Given information:
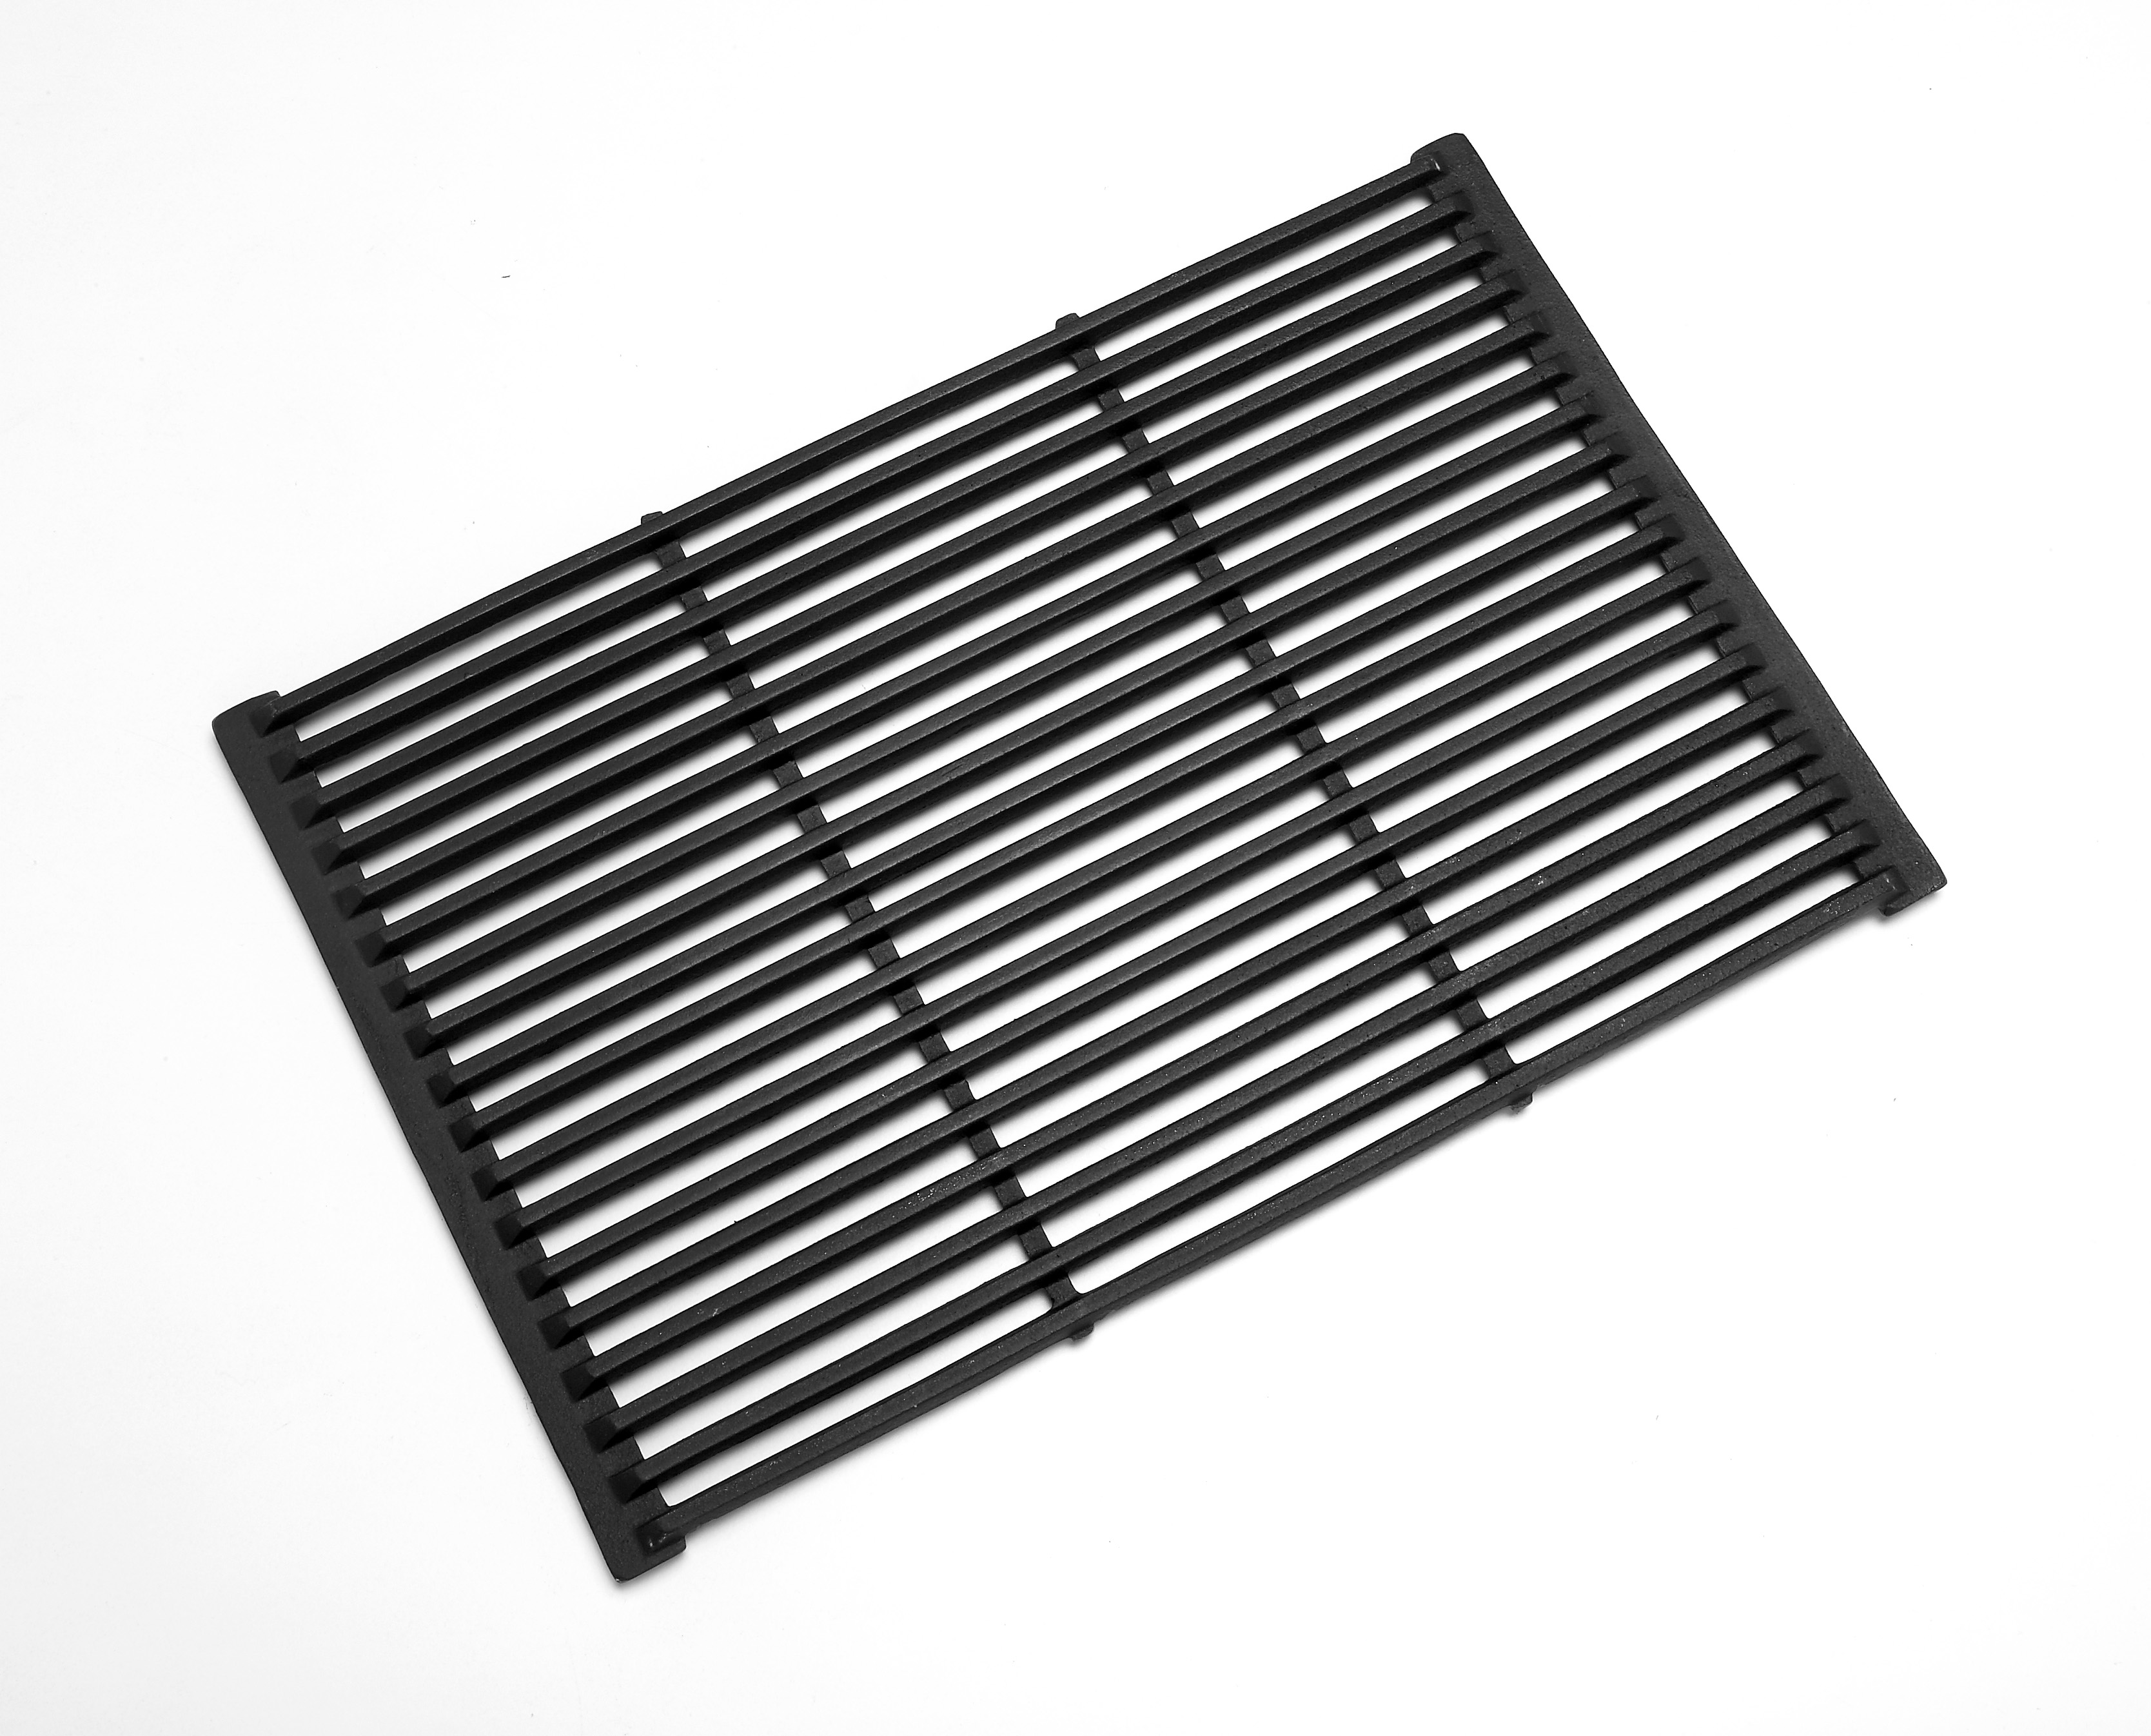 320mm x 485mm grill - ceramic coated, to suit 3B & 6B BBQ
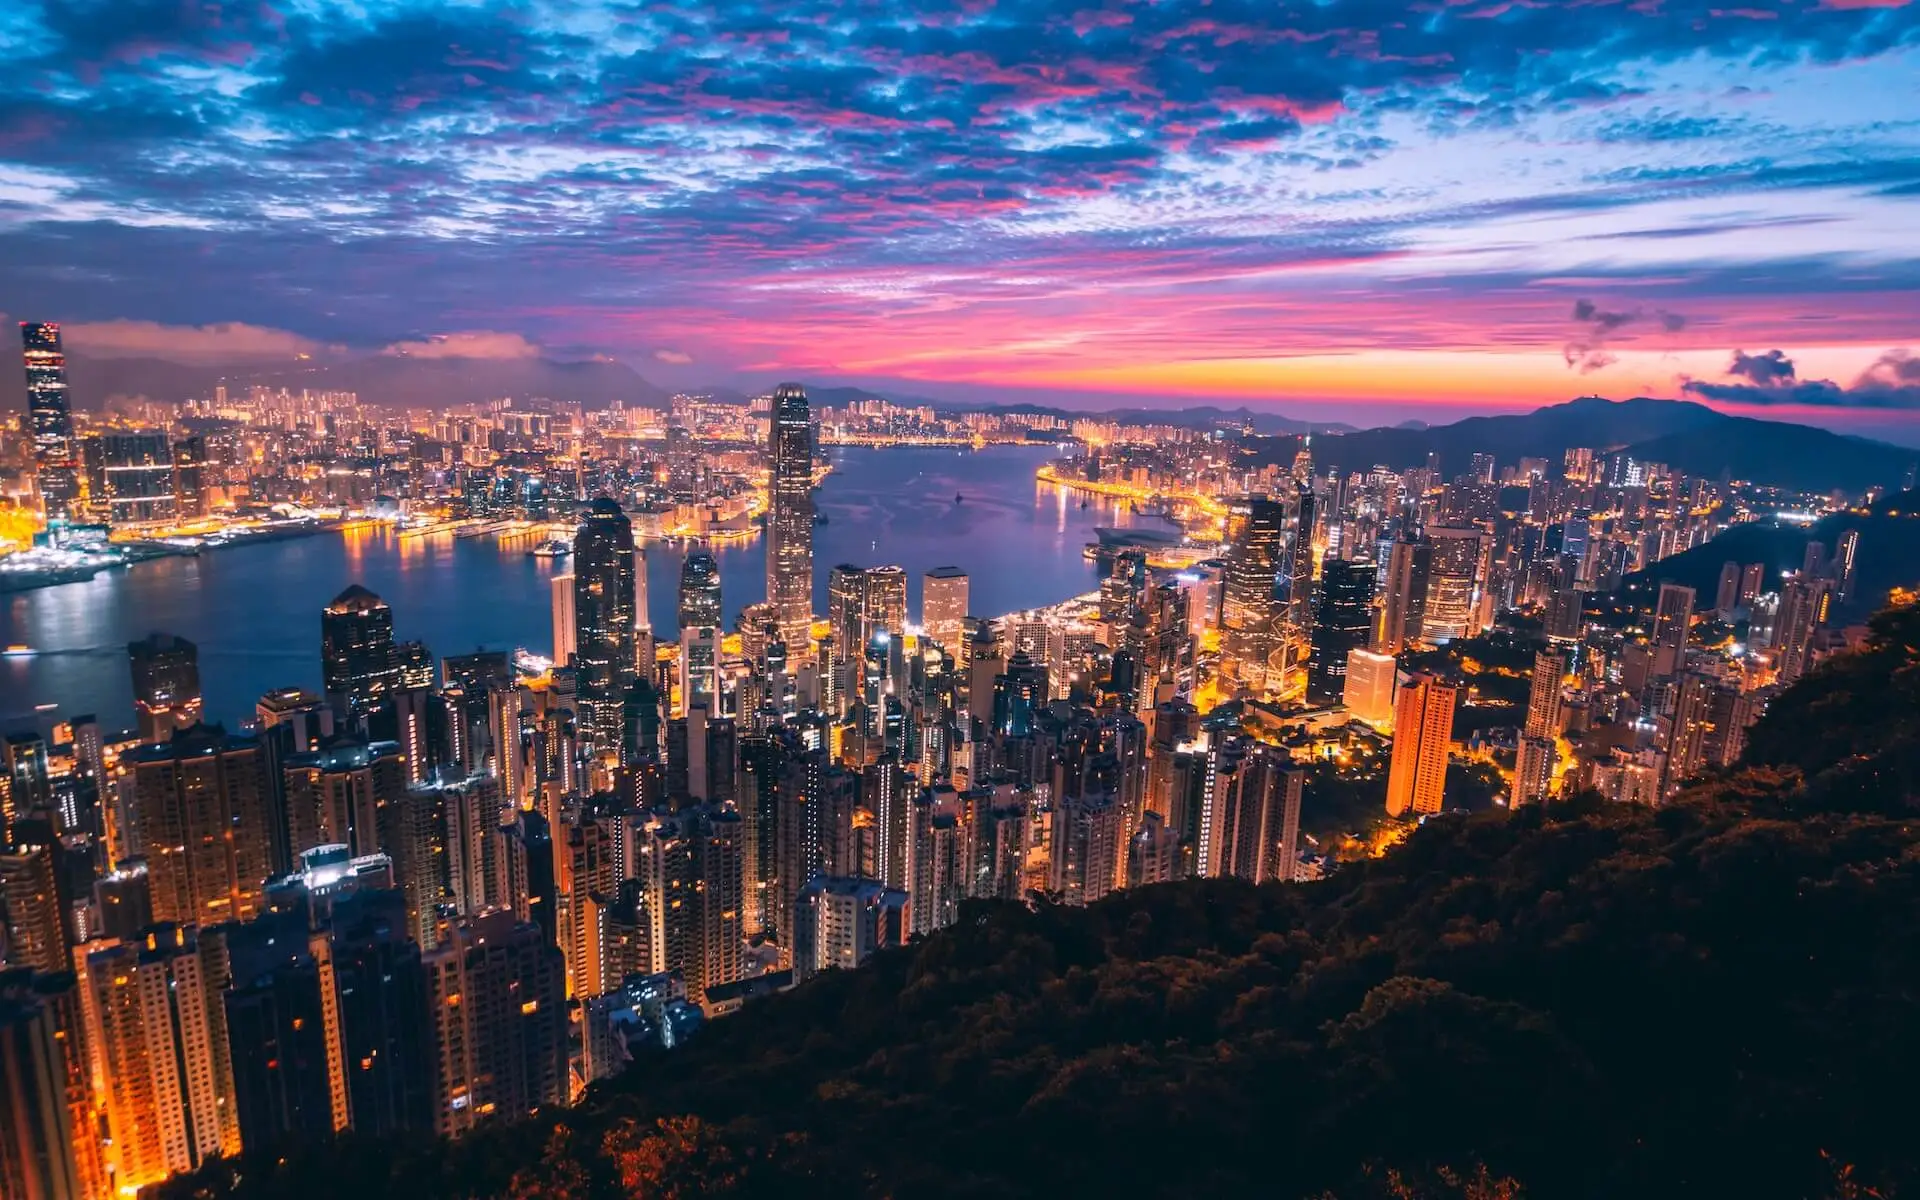 Hong Kong Provides People with Peak Internet Speed and Quality Services Across the Region
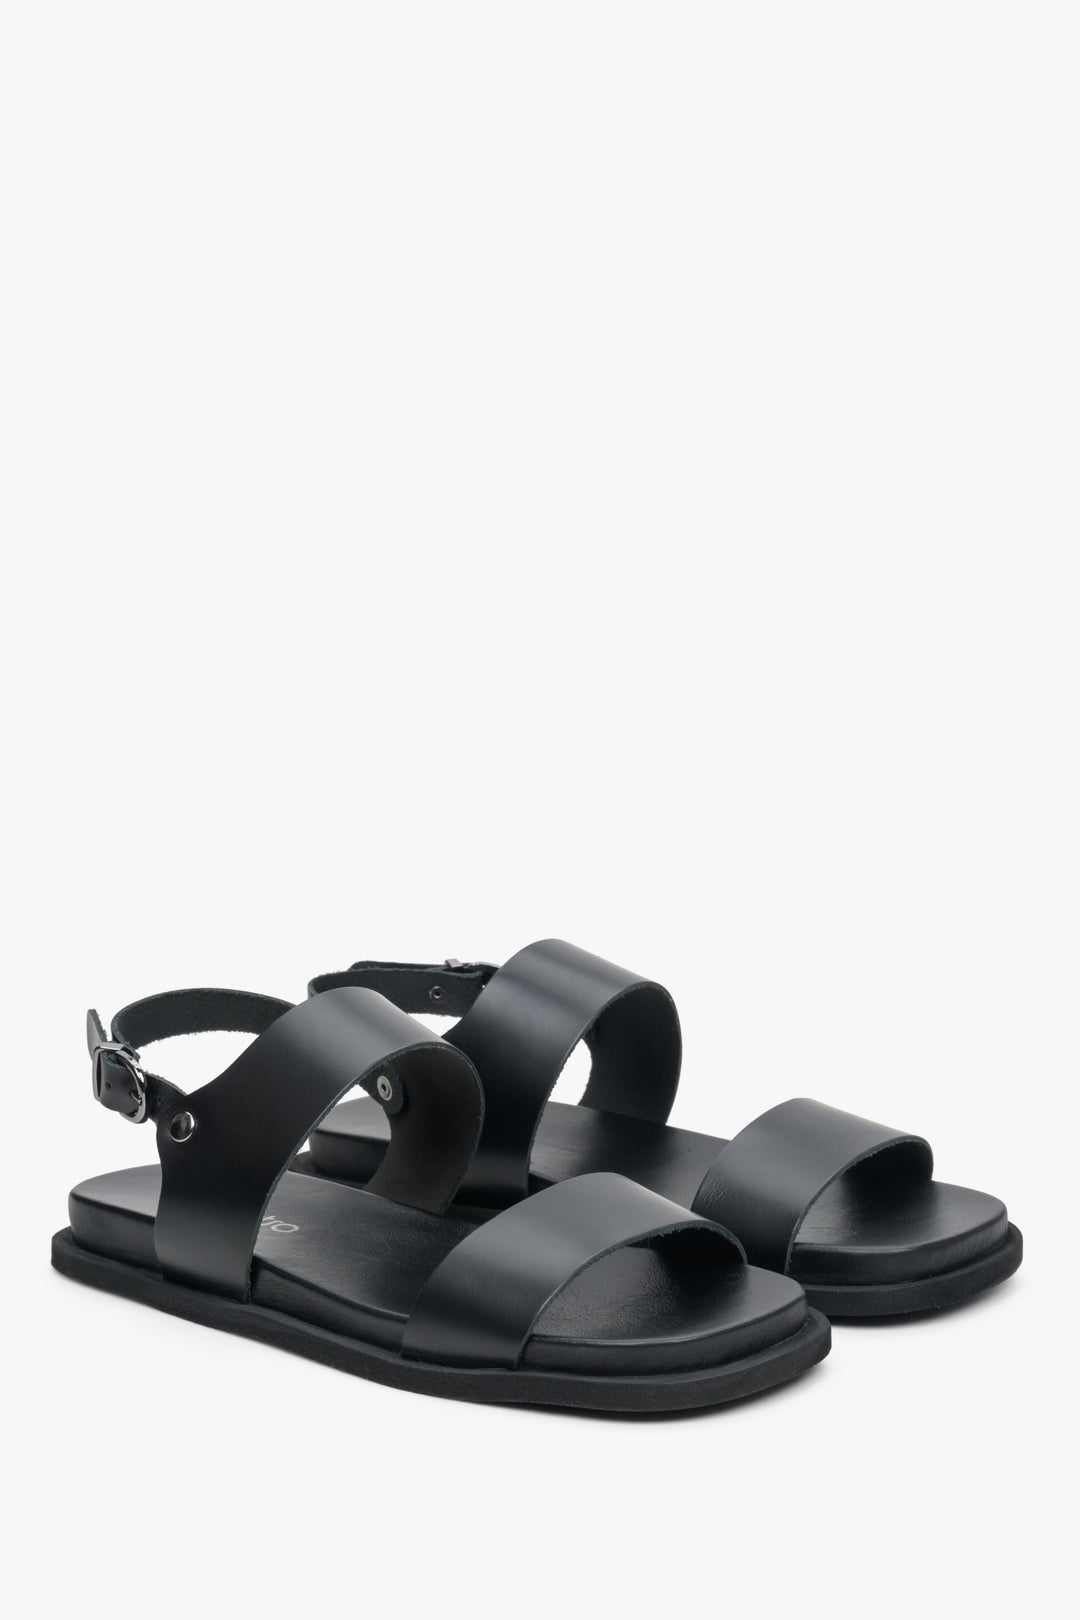 Women's black sandals on a black flat sole made of natural leather Estro.

What you will do: Drop every picture from the data, then output all the rest exactly.

Result of the exercise:
 320mm x 485mm grill - ceramic coated, to suit 3B & 6B BBQ
 Hong Kong Provides People with Peak Internet Speed and Quality Services Across the Region
 Women's black sandals on a black flat sole made of natural leather Estro.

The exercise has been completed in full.